# Task instructions
Pictures do not belong in your copy. Repeat all the other data exactly.

Provided data: Begin

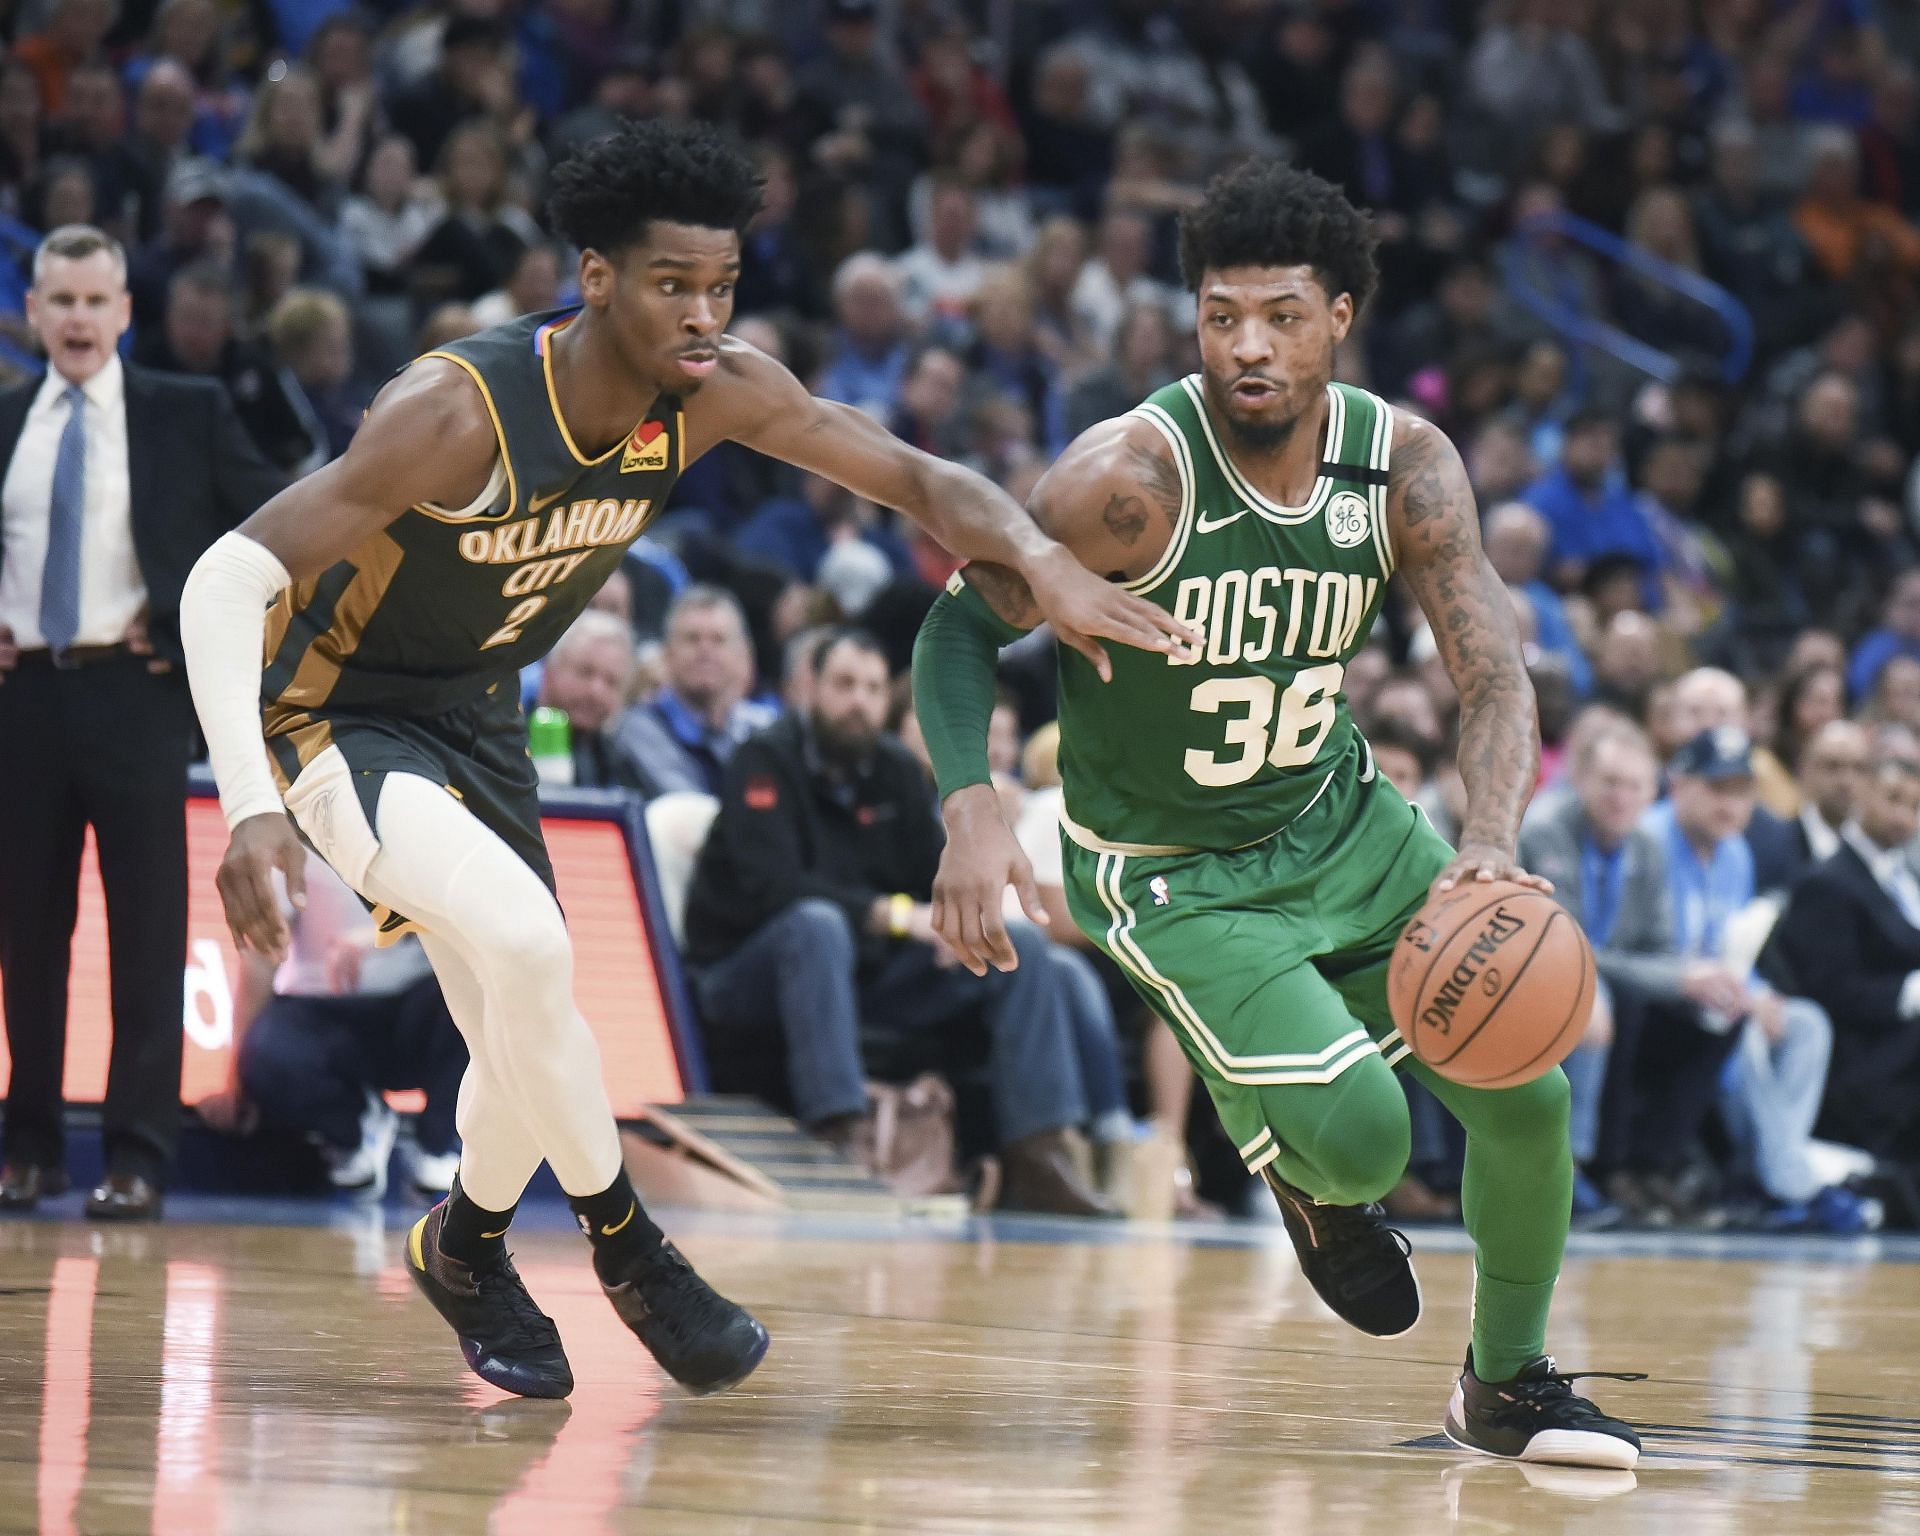 The Oklahoma City Thunder and the Boston Celtics will face eacth other for the first time this season on Saturday [Photo: The Spokesman-Review]
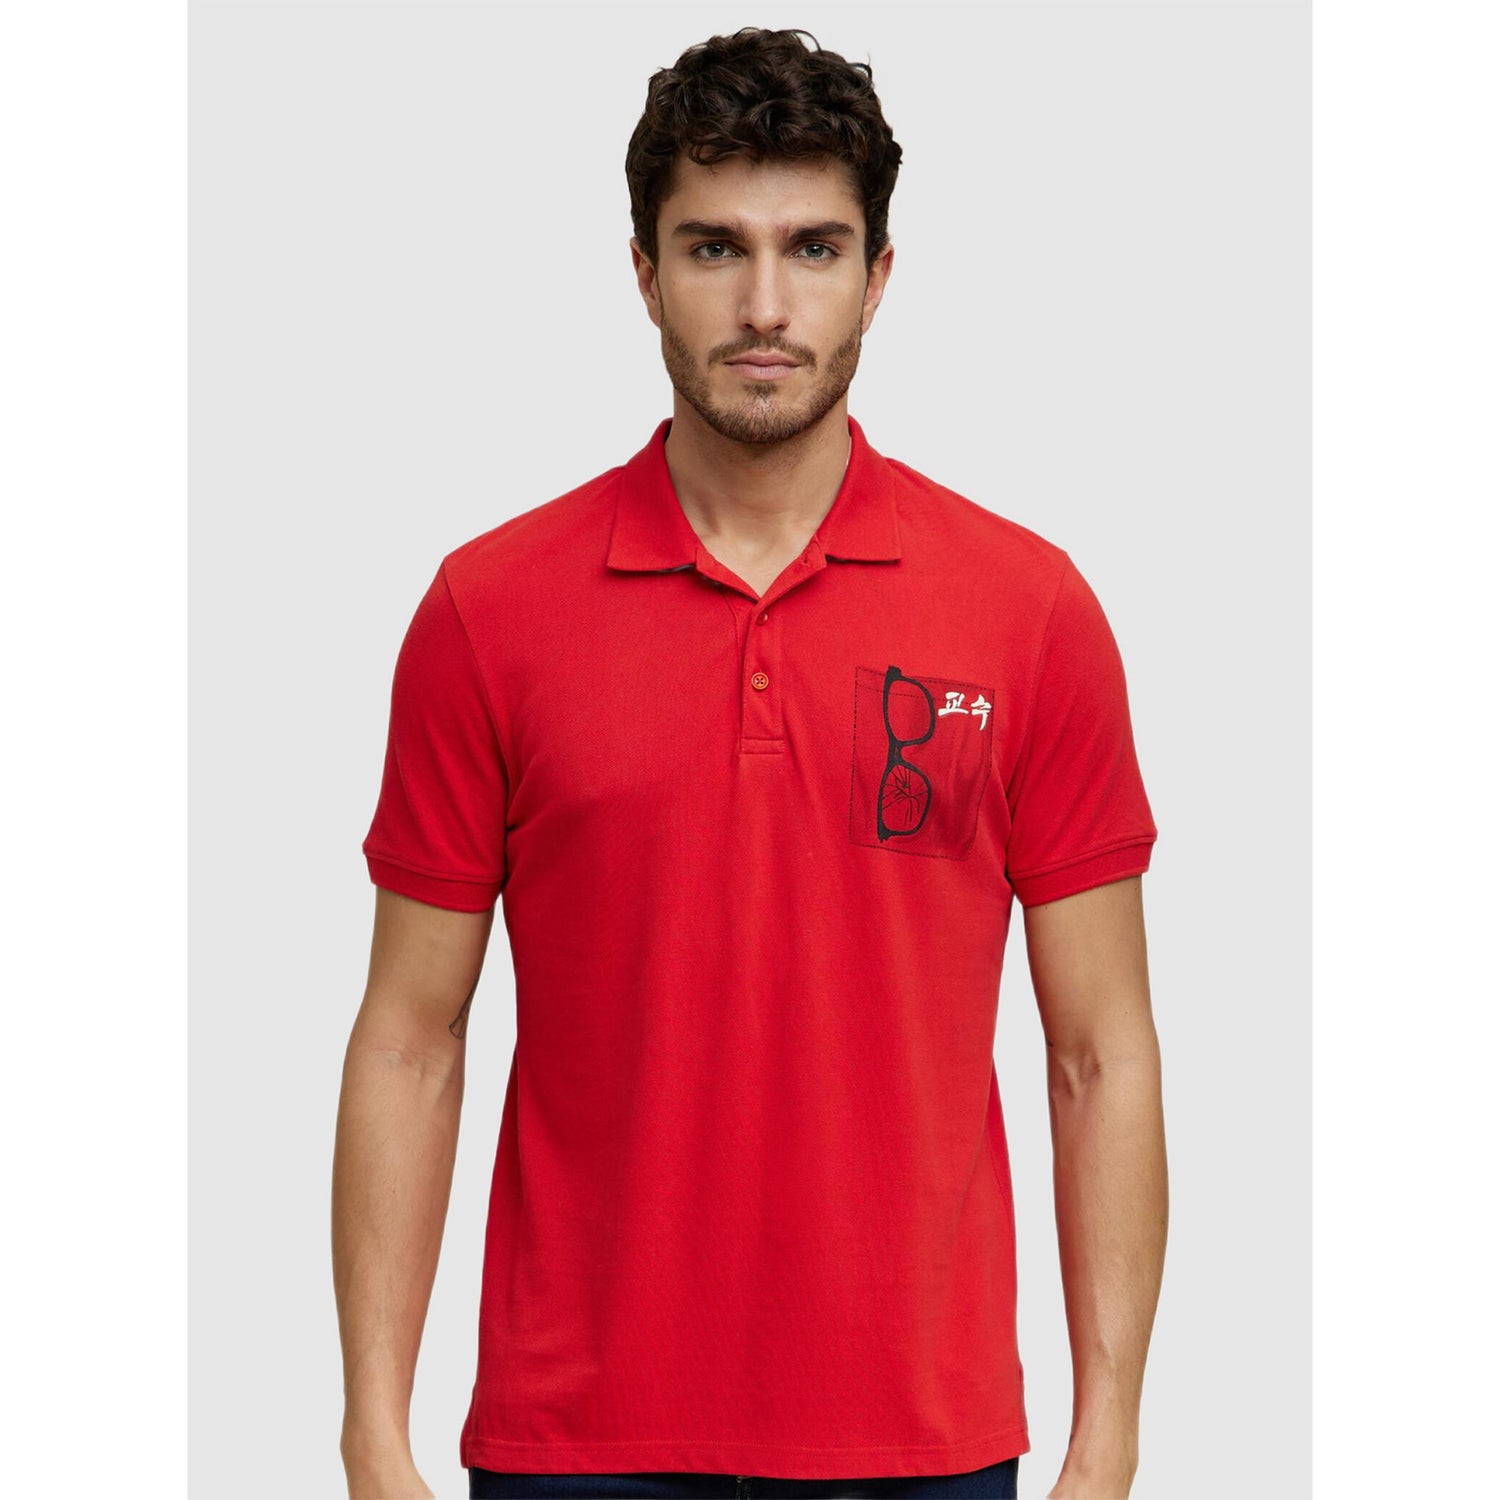 Money Heist - Red Printed Polo Collar Cotton T-shirt (LBEMHKP1)
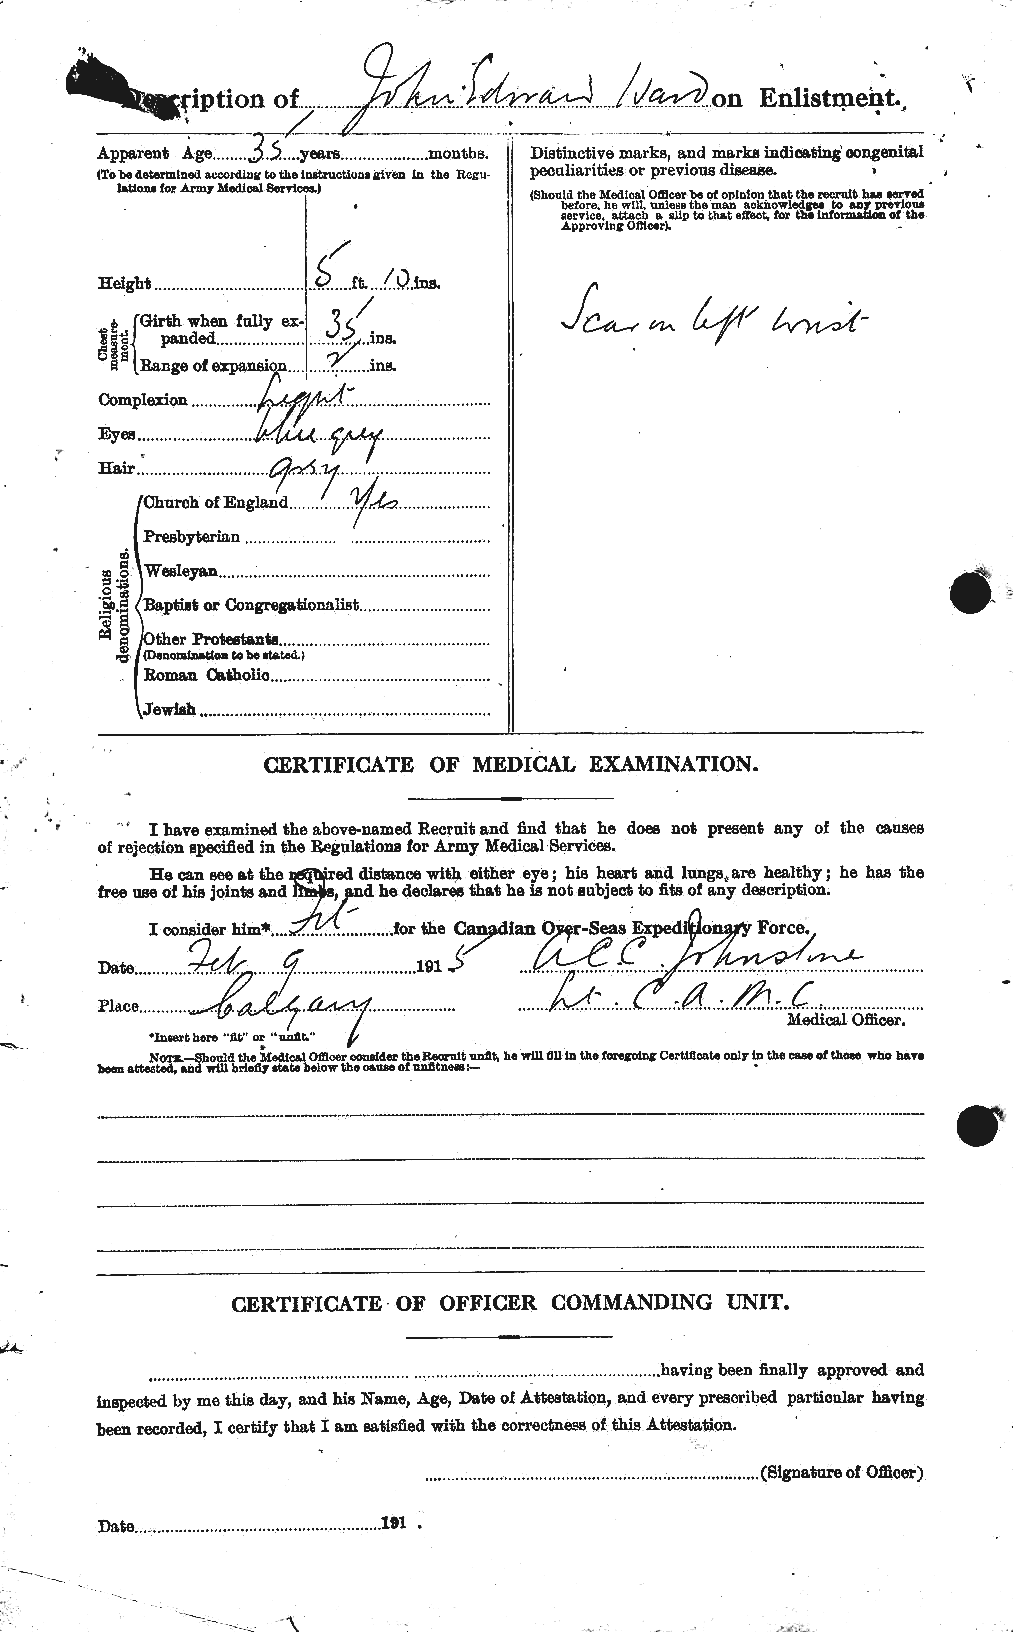 Personnel Records of the First World War - CEF 659517b

Provided data: End

# Response to this task
 The Oklahoma City Thunder and the Boston Celtics will face eacth other for the first time this season on Saturday [Photo: The Spokesman-Review]
 Money Heist - Red Printed Polo Collar Cotton T-shirt (LBEMHKP1)
 Personnel Records of the First World War - CEF 659517b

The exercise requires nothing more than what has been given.